Holdaway has it that the big data problem set comprises three prominent issues, data management, uncertainty quantification and risk assessment. He argues for an approach that combines data discovery ‘first principles.’ It should be possible to explain what is causing an observed correlation.

Holdaway is verbose and repetitive but not without humor. The oil and gas industry is ‘moving toward adoption of data mining at a speed [that would have been] appreciated by Alfred Wegener.’ His explanation of 3D seismic acquisition as being like ‘dropping a bag of ping pong balls into a room’ is funny too, although perhaps not intentionally. Harness covers a lot of ground in its 300 pages. Aside from a short mention of SAS’ Semma approach, the approaches described are generic—and there a lot of them, more than can be covered in a short review.

An introductory chapter on data management introduces the big data buzzwords of volume, variety, velocity.
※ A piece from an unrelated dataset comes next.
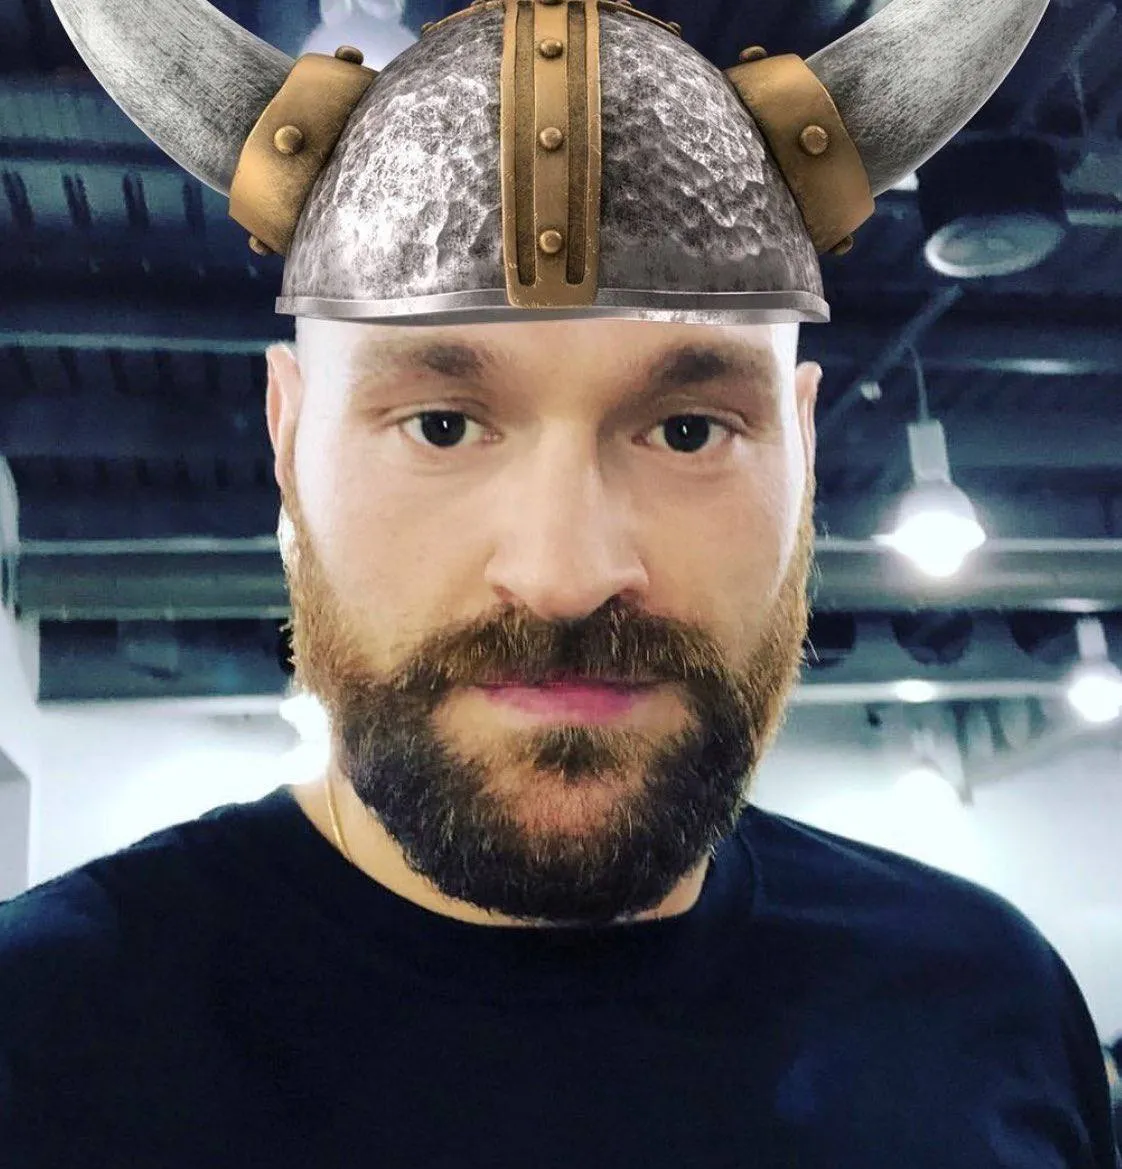 An image of Tyson Fury wearing a viking helmet.

Holdaway walks though the notions of data quality, governance and master data to introduce a four tiered data architecture and a production data quality framework.

The seismic use case is clearly dear to Holdaway’s geophysical heart. He has it that ‘soft computing methodologies that map seismic attributes to reservoir properties are incredibly important as a means to define more credible and reliable reservoir characterization definitions for field development.’ Harness offers its own ‘plethora’ of techniques for seismic trace analysis—PCA, various transforms, clustering and more. He warns against ‘overtraining’ of algorithms on sparse data and states intriguingly that ‘the majority of common [seismic ]attributes are redundant.’

Hodaway refers to the ‘top down’ and surrogate modeling approach of Intelligent Solutions Inc., used to address non productive time, stuck pipe and to optimize production. Another section covers unconventional reserves estimation.

All in all there is a lot of material here. Our main criticism is that the use cases fall frustratingly short of compelling. While Holdaway’s advice and commentary should help practitioners practice, Harness fails to provide hard evidence (that could be presented to management) that such techniques really work, or which of the many described, work best.

* Wiley/SAS Institute—ISBN 978 1 118 77931 65700.

This article originally appeared in Oil IT Journal 2014 Issue # 5.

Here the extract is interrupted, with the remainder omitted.